Population (2026-01-01)
- • Total: 3,824
- • Density: 258.2/km^{2} (668.7/sq mi)
- Time zone: UTC+1 (CET)
- • Summer (DST): UTC+2 (CEST)
- Postal code: 747 22
- Website: www.dolnibenesov.cz

= Dolní Benešov =

Dolní Benešov (/cs/; formerly Benešov u Hlučína; Beneschau) is a town in Opava District in the Moravian-Silesian Region of the Czech Republic. It has about 3,800 inhabitants. It is part of the historical Hlučín Region.

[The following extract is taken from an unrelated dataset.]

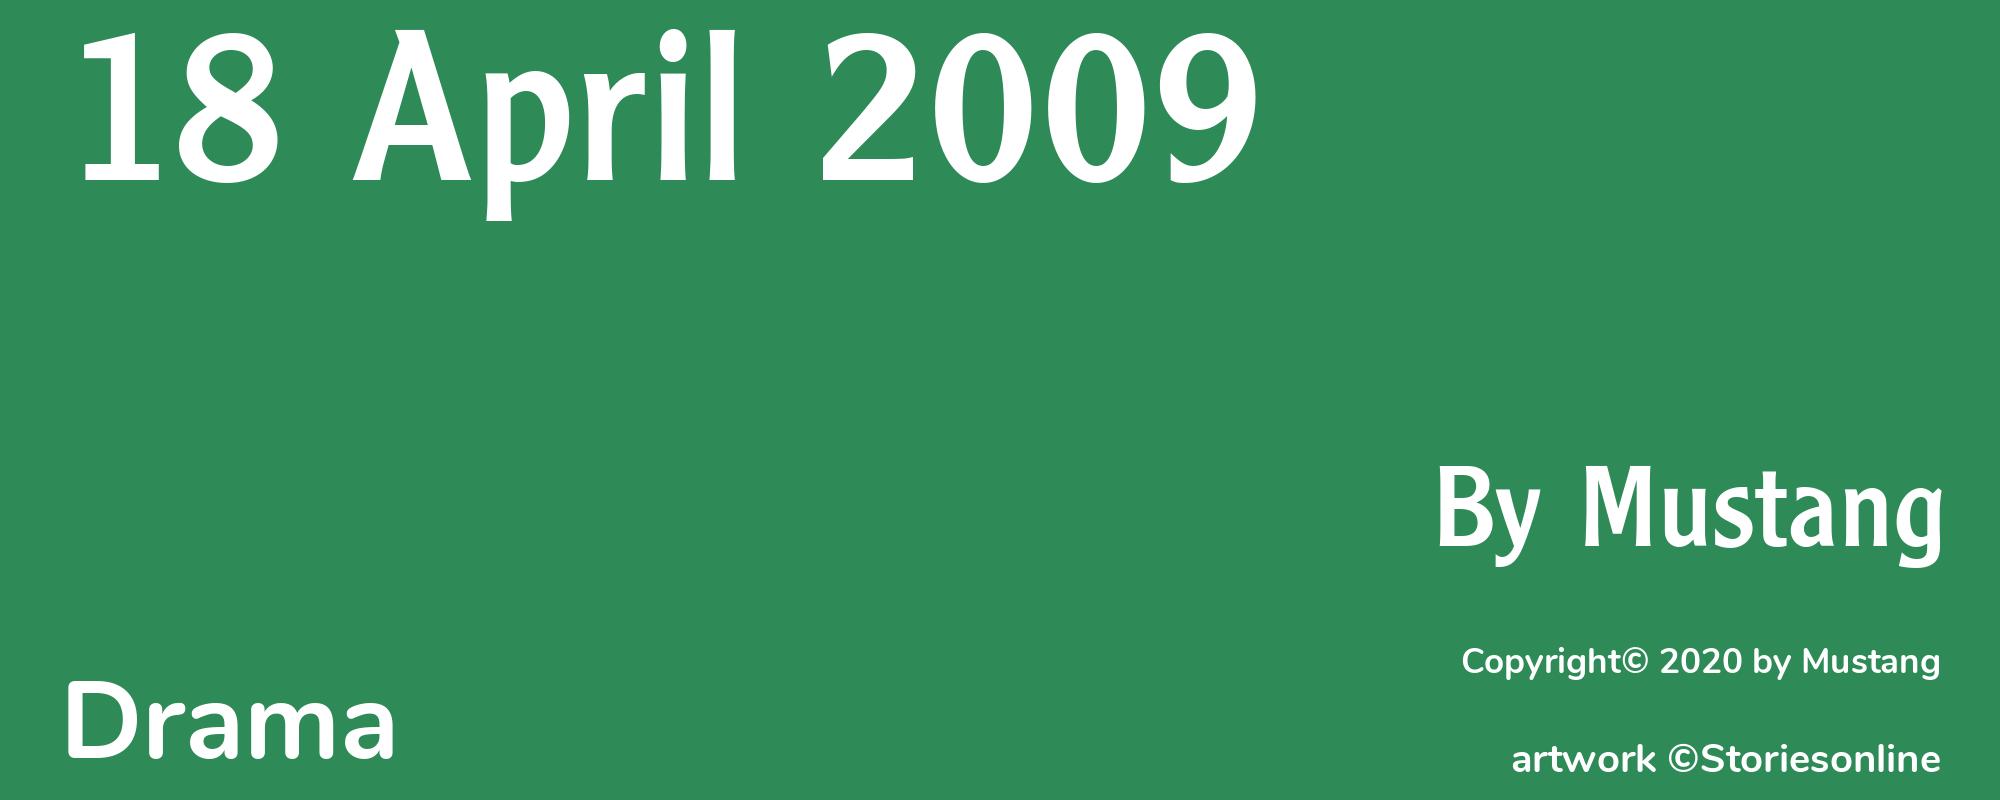 18 April 2009 - Cover

==Administrative division==
Dolní Benešov consists of two municipal parts (in brackets population according to the 2021 census):
- Dolní Benešov (3,194)
- Zábřeh (694)

==Geography==
Dolní Benešov is located about 14 km east of Opava and 12 km northwest of Ostrava. It lies in a flat agricultural landscape in the Opava Hilly Land. It is situated near the Opava River, which forms the southern municipal border. There are two large fishponds: Jezero and Nezmar.

==History==
The first written mention of Benešov is from 1312, as an estate of the Benešovice noble family. In 1371, its then owner Margrave John Henry exchanged Benešov for the Drahotuš Castle near Lipník nad Bečvou with the Drahotuš family. This family owned Benešov until the late 16th century. During their rule, the village prospered and developed, and in 1493 it received town privileges by King Vladislaus II.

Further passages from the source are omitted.